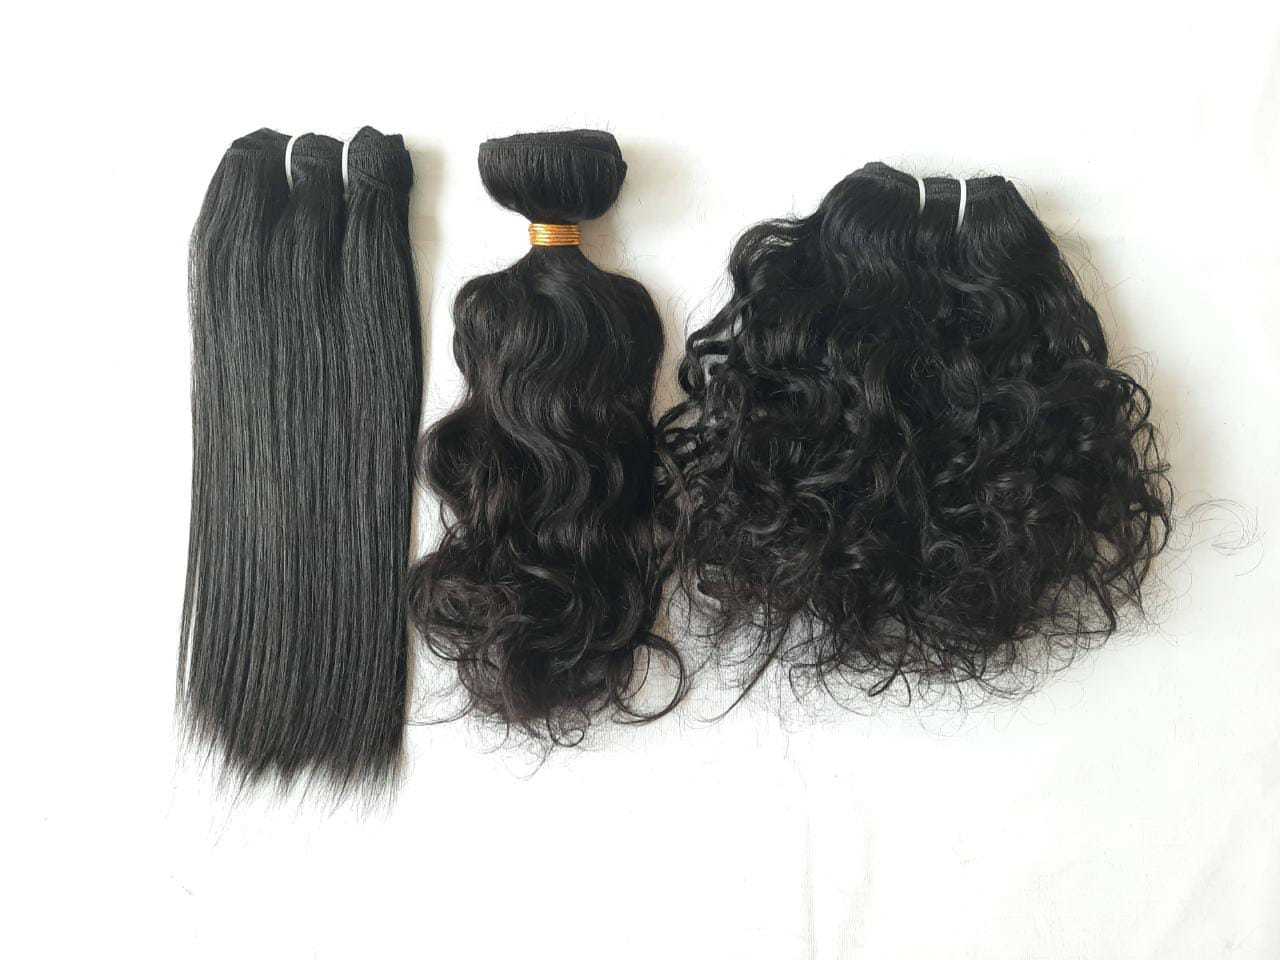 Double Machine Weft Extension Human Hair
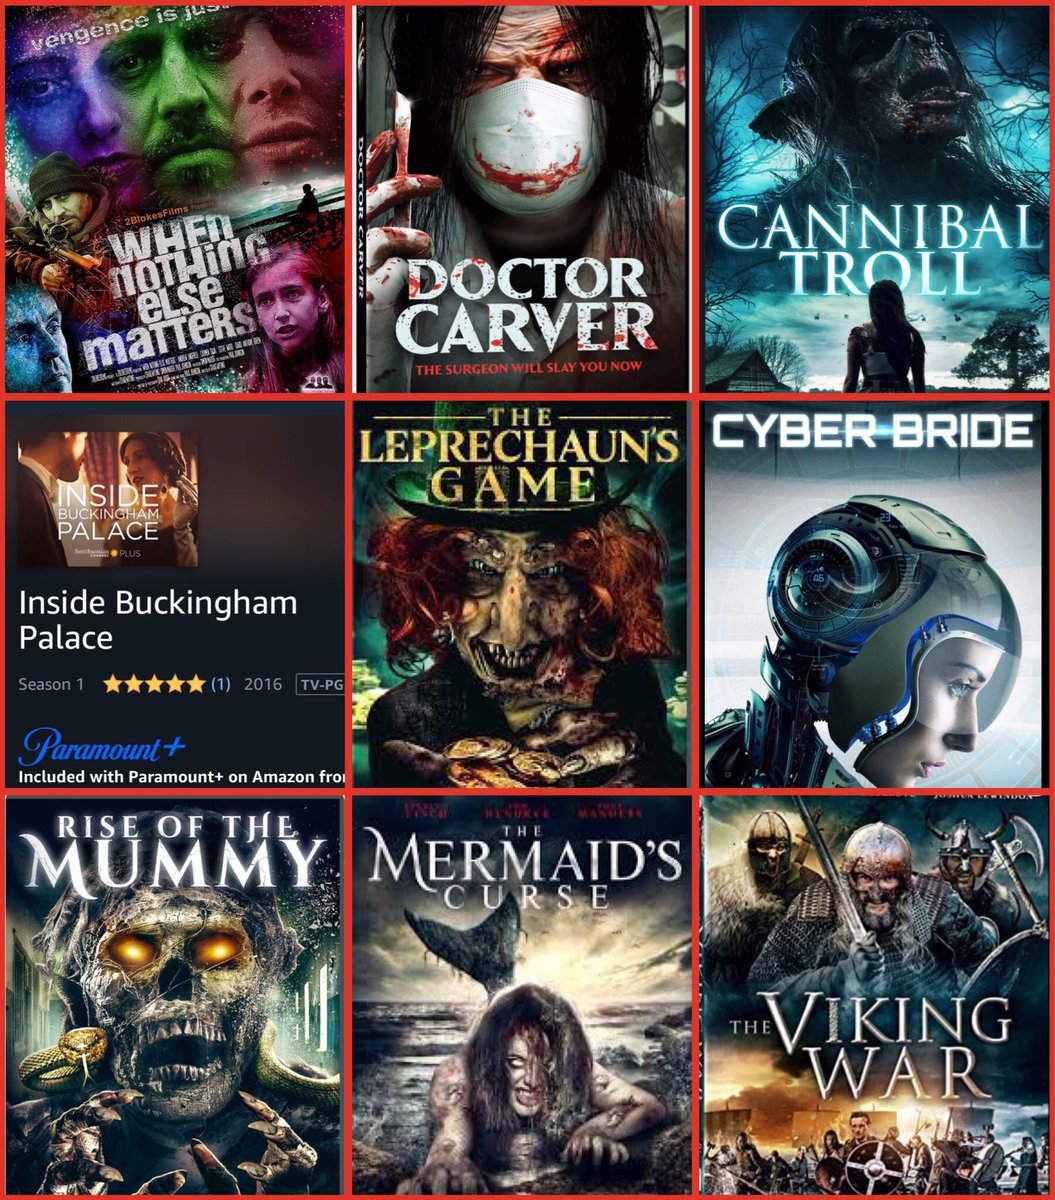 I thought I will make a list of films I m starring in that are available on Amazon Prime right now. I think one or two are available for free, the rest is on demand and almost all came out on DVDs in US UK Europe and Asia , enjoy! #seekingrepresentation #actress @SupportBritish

::::::

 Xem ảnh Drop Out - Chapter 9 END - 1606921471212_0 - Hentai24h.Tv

::::::

◆ **TO DO**:
The answer is the lines above from the one with "Double Machine Weft Extension Human Hair" to the one with "I thought I", set down exactly, with no pictures.

◆ **EXERCISE ANSWER**:
 Double Machine Weft Extension Human Hair
 I thought I will make a list of films I m starring in that are available on Amazon Prime right now. I think one or two are available for free, the rest is on demand and almost all came out on DVDs in US UK Europe and Asia , enjoy! #seekingrepresentation #actress @SupportBritish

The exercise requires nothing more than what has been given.